HILLSBORO, N.M. (KRQE) - Despite helpful winds the Silver Fire continues to bear down on Kingston as firefighters vow to save the historic mountain community.
The latest estimate has the fire within a quarter of a mile of the village tucked into a high canyon in the Black Range.
While firefighters say the winds may actually be helping them today, this town is still very much in danger.
As of late afternoon winds were pushing the flames away from the town, but it's still a big fight complicated by knowing the winds could act up at any moment.
People in Kingston say they got word early Monday morning that they had to leave and to be quick about it.
"There's a big red flame on the horizon, and also we started hearing the rumble," said Catherine Wanek, owner of the Black Range Lodge on Main Street. "It was still miles away, but you could still hear the rumble of the fire coming closer and closer."
The residents moved seven miles down the east slope to Hillsboro where the community center is providing both lodging and a place where morning meetings keep everyone in the loop.
The center also is taking care of 350 firefighters.
Early Wednesday evening fire bosses estimated the fire sparked by a lightning strike on Friday had grown to nearly 17,000 acres and was burning mostly to the southwest. Firefighters were still in Kingston ready to protect structures, and a small burnout operation was planned for later in the evening to help provide a buffer protecting the community.
Fire officials say it's grown to the south and west in very rugged terrain that's making it hard to fight on the ground. Instead the fire team is relying on aircraft dropping water and retardant.

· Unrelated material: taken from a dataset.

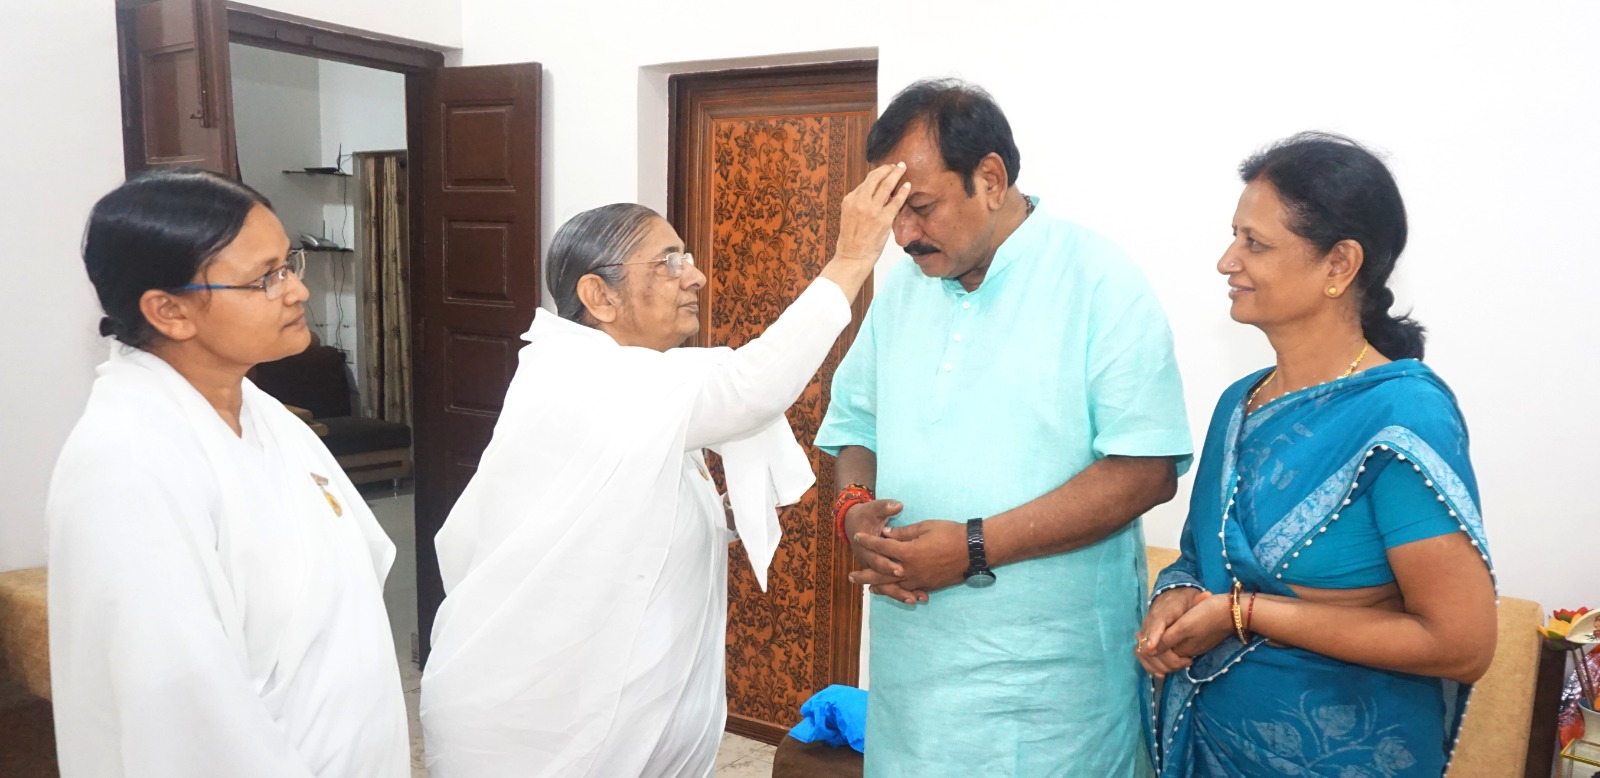 लोक सभा चुनाव में बड़ी जीत के लिए आशा दीदी ने विजय बघेल को तिलक लगाकर हार्दिक बधाई शुभकामनाएं दी।

Fire lines are also being set up near the end of the tree line where it goes back into grassland and where fire fighters can actually work.
They're doing all this while keeping an eye on Kingston
"That town is our priority keeping those structures safe and ensuring that we keep that area free from fire and hopefully protect those homes so people can get back to their normal way of life," Fire Information Officer Andrew Loescher of the Gila National Forest told KRQE News 13.
Another thing working against firefighters is the extreme heat with little to no humidity.
Still they are confident they can keep the flames out of Kingston and are preparing defensive lines above the community.
The former boomtown reached the peak of its prosperity and notoriety in the late 1800s during its silver-mining days when for a time it was the biggest city in New Mexico.